The rate of conduction depends on the material's thermal conductivity, denoted as 'k'. This property tells us how well heat travels through a material. For instance, Sphere A, with a thermal conductivity of 170 W/m·K, will conduct heat differently compared to Sphere B, which has a much lower conductivity of 1.70 W/m·K.

• Higher conductivity results in faster heat transfer within the object.
• Lower conductivity implies slower internal heat transfer, requiring more time for the entire object to cool uniformly.

Understanding conduction helps predict temperature differences between the center and surface of the spheres.

Convection

Convection is the process of heat transfer from the sphere's surface to the surrounding bath. It's an external mechanism, involving the movement of fluid particles around the sphere, which transfer the heat away.

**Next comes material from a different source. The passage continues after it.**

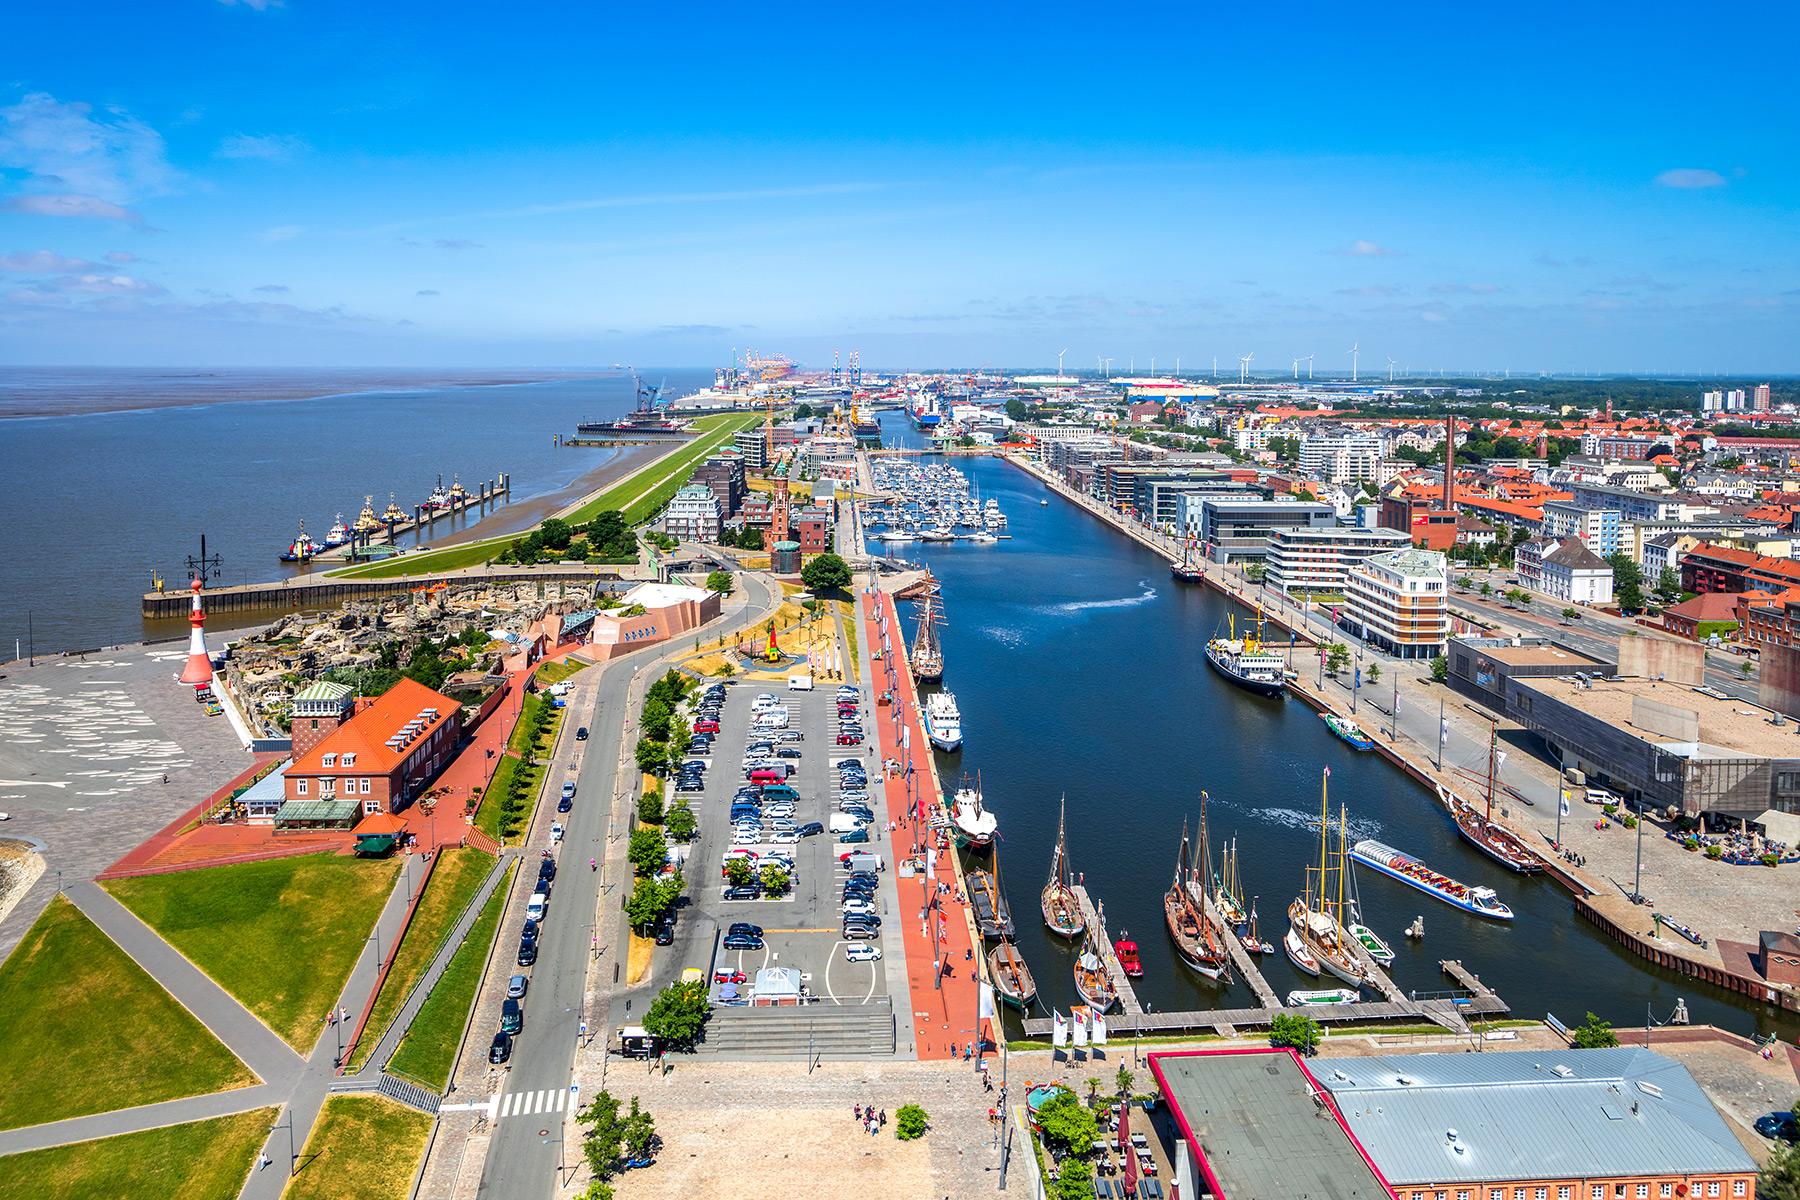 Bremerhaven in Germany

This process is influenced by the convection coefficient 'h'. In our exercise, Sphere B has a higher convection coefficient of 50 W/m²·K compared to Sphere A's 5 W/m²·K. This implies:

• Sphere B will experience heat loss more swiftly due to a more efficient heat transfer to its surroundings.
• Sphere A, with a lower convection coefficient, cools slower as less heat per unit area is being transferred away at the same rate.

Convection's efficiency directly affects how quickly the outer temperature of a sphere adjusts to its new, cooler environment.

Biot Number

The Biot number is a dimensionless parameter critical for understanding heat transfer in the spheres. It helps determine whether assumptions such as the lumped capacitance model are valid for predicting heat transfer behavior.

The Biot number is calculated using the formula:\[\text{Bi} = \frac{hL}{k}\]where:

• h
is the convection coefficient,
• L
is a characteristic length, generally the radius for spherical objects, and
• k
is the material's thermal conductivity.

For instance, if the Biot number is less than 0.1, the lumped capacitance model can be used, indicating the temperature throughout the sphere changes uniformly. In our scenario:

• Sphere A, with Bi < 0.1, meets this requirement, enabling simpler calculations using uniform temperature assumptions.
• Sphere B has a Bi > 0.1, indicating that non-uniform temperature distribution needs to be considered for accurate predictions.

Therefore, calculating the Biot number aids in selecting the right heat transfer modeling approach.